Because a runner does not cover the entire width of the steps, it poses a similar risk to stair treads due to lifting at the edges.
However, runners are fully secured on the top and bottom of the staircase since the carpet goes up the risers, too. Some people use brass stair rails at the bottom of each riser for a finished look. While these once used to be the best way to hold runners down and hide tack strips, today they are purely decorative and simply a design option.

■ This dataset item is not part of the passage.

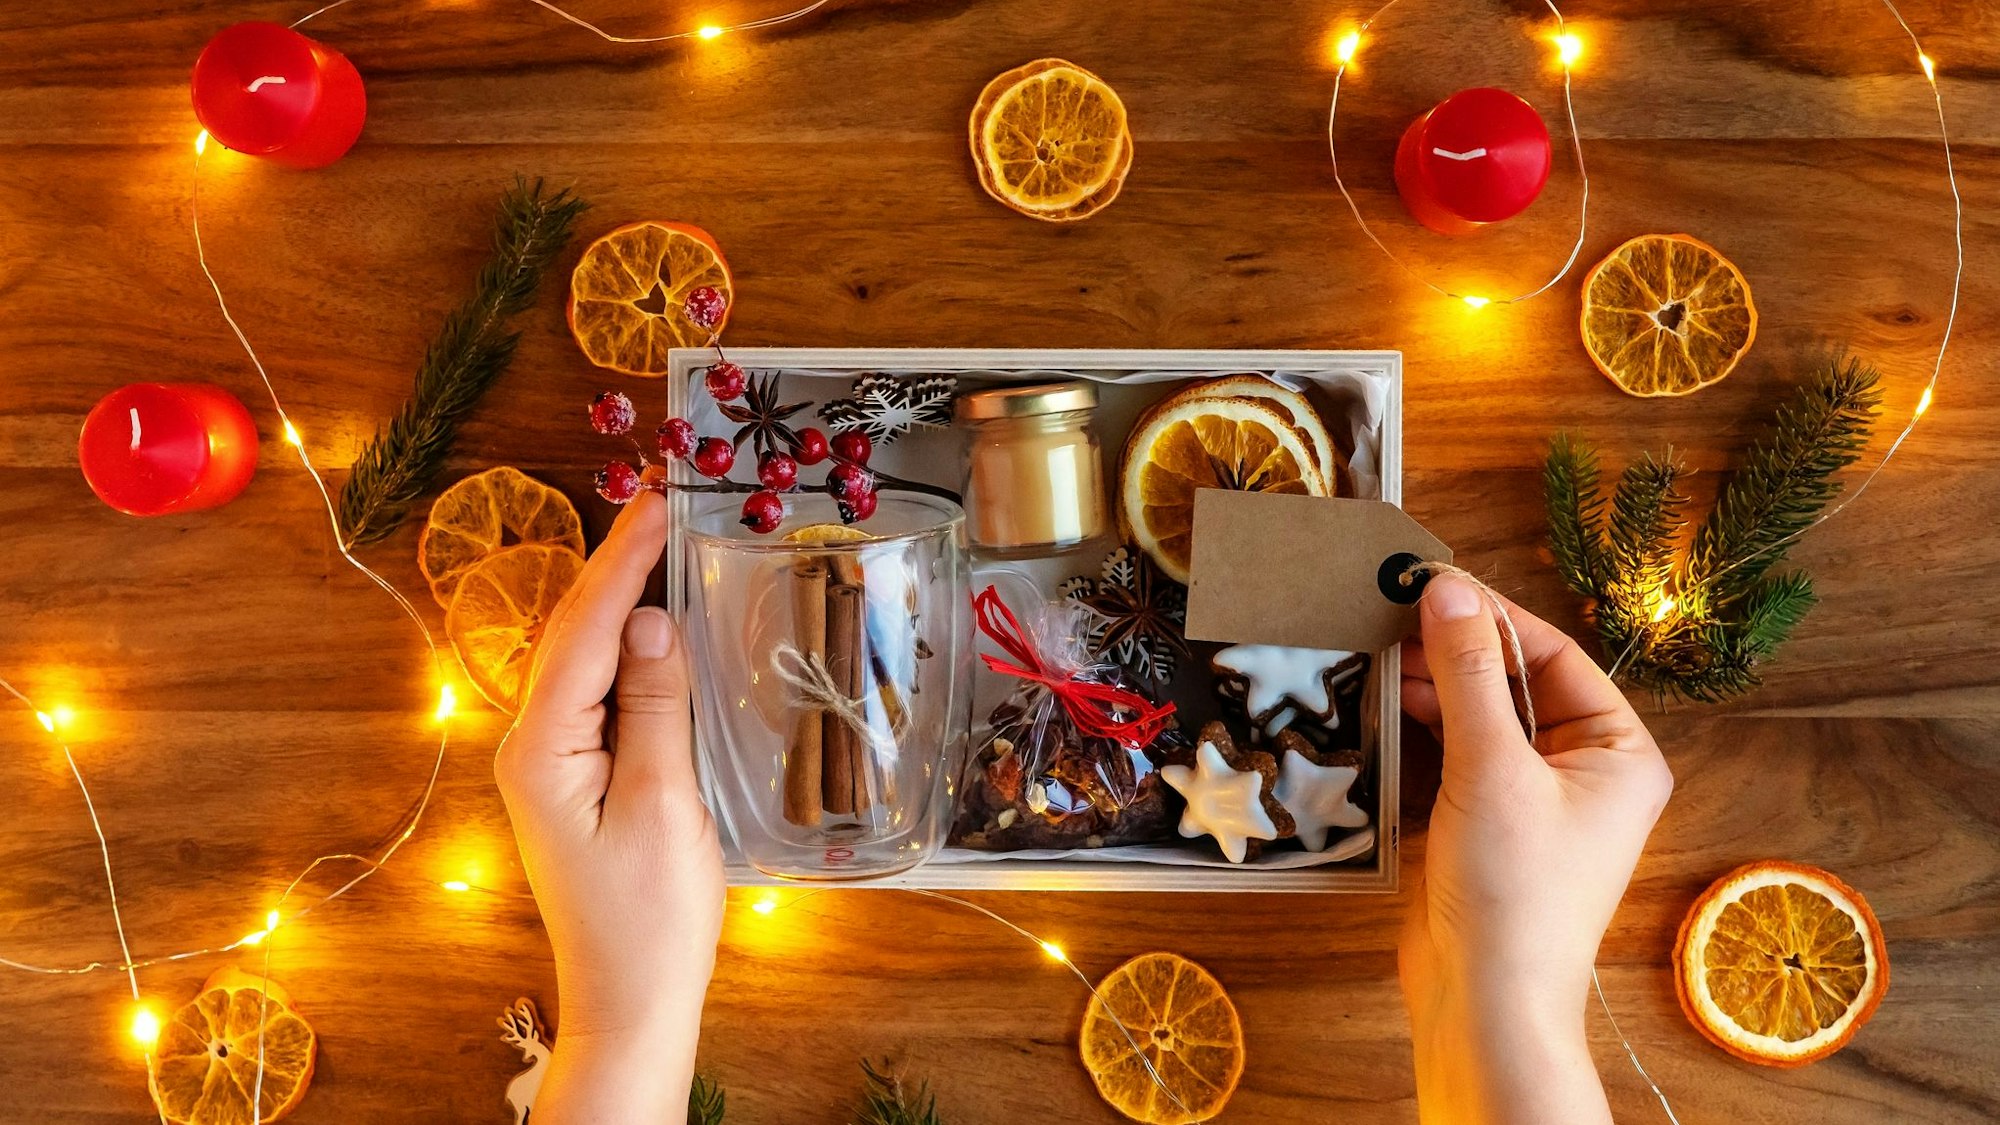 Auf dem Foto sieht man eine kleine Geschenkbox mit Orangenschalen, Keksen und Zimtstangen u.ä. darin.

Runners should have cushioning beneath them that extends all the way around the bullnose (rounded) edge of each step. Without it, the constant back-and-forth movement of feet on the stairs will cause the pad to slowly bunch up toward the riser. The cushion should be tacked to the floor, and the runner should be glued or tacked to the cushion, Walker says. Installing a runner is not as easy as it looks, he warns. To find a professional installer in your area, check the CFI Web site.

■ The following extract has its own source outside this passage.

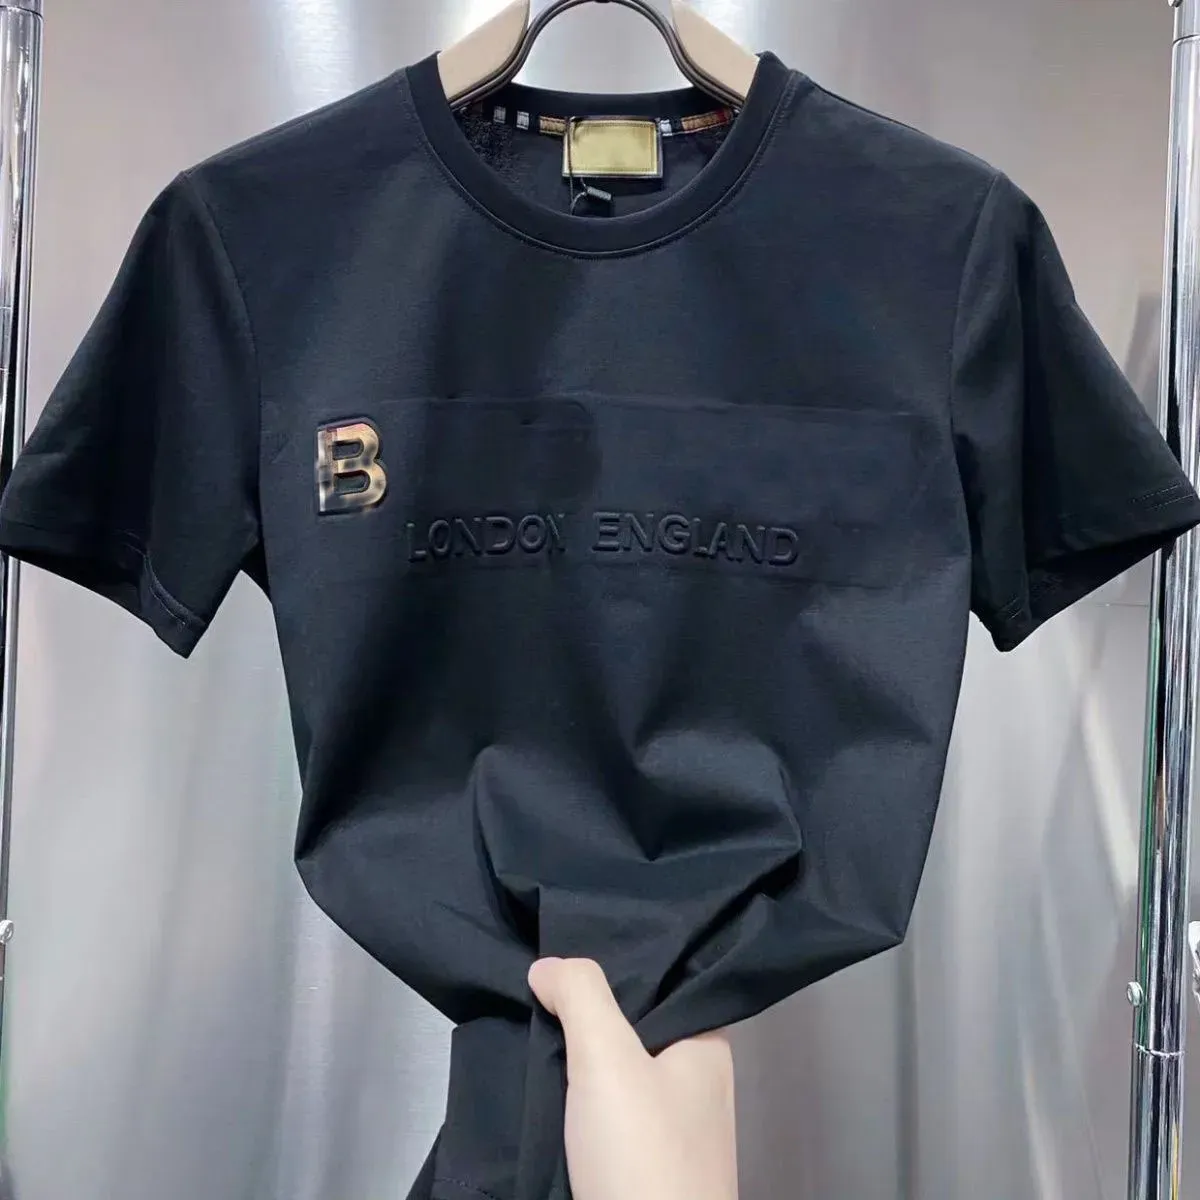 Herrendesigner T-Shirt Man T-Shirt Frauen Baumwolle Hemden T-Shirts Einfacher schwarzes kurzäräres Baumwoll-T-Shirt mit modischen Buchstaben Print Top Herrenkleidung

Maintenance: Regular vacuuming keeps carpet looking its best. Sweeping carpet with an broom also works and often does a better job of scooping debris from corners and the tough-to-clean area where riser and tread merge.
Safety: Runners should be wide enough to prevent an uneven gait; that is, if you’re walking up or down stairs, you want both feet to be on the carpet—not one on the carpet and one on the wood. Both vertical and horizontal surfaces should be securely attached to the stairs.
Also be careful choosing patterns if your eyesight is waning. “If you have bifocals and are coming down the stairs, the pattern can actually start moving on you, and it becomes a tripping hazard,” Walker notes. “I had to replace patterned carpet on the steps inside a bank when they had six trip-and-falls in two days, all due to bifocals.”
Fully Cushioned Comfort
Purists may eschew it, but many homeowners prefer the feeling of plush carpeting under foot on stairs. And anyone who has slipped and fallen truly appreciates the cushioning it provides.
The best material for stair carpeting is nylon, followed by wool. The friction of a foot sliding and pressing on each step creates heat, which is not good for polyester or olefin fibers. Natural fibers tend not to recover their height well, especially with the constant traffic stairs get.
Carpeting should be applied the same as runners—with cushioning and carpet tacked to the floor or cushioning tacked to the floor and carpeting glued to that pad. Look for the lay of the carpet (the direction the fibers run) and have it run top to bottom for easier cleaning with, instead of against, the grain. Envision sweeping dirt down and out the door.
Just as with runners, the cost of carpeting varies widely, depending on the quality of carpet you choose and the type of stairs you have, whether they’re straight and simple, with turns, have decorative spindles, etc. If your stairs have exposed areas outside the spindles, your carpet will require specialized cutting and installation.
Walker recommends adding a strip of duct tape on the bullnose area of the cushion to help prevent it from breaking down. Don’t use duct tape on cushioning seams, however, as it will cause the rest of the cushioning to break down more easily. If your risers and treads form a 90-degree angle instead of having a rounded edge, consider nailing a piece of half-round molding the width of the stairs. “Tufted carpet was not meant to be bent that way and then get the abrasion of foot sliding across that,” Walker says.
Maintenance: Regular vacuuming or sweeping is the best way to lengthen the life of your carpet. Spot clean soiled areas as soon as spills occur to avoid long-lasting stains.
Safety: Avoid wearing slippers or other soft-soled shoes on carpeted stairs, as they make it too easy for you to slip. If anyone with bifocals or poor eyesight lives in the home, it’s best to avoid patterned carpet.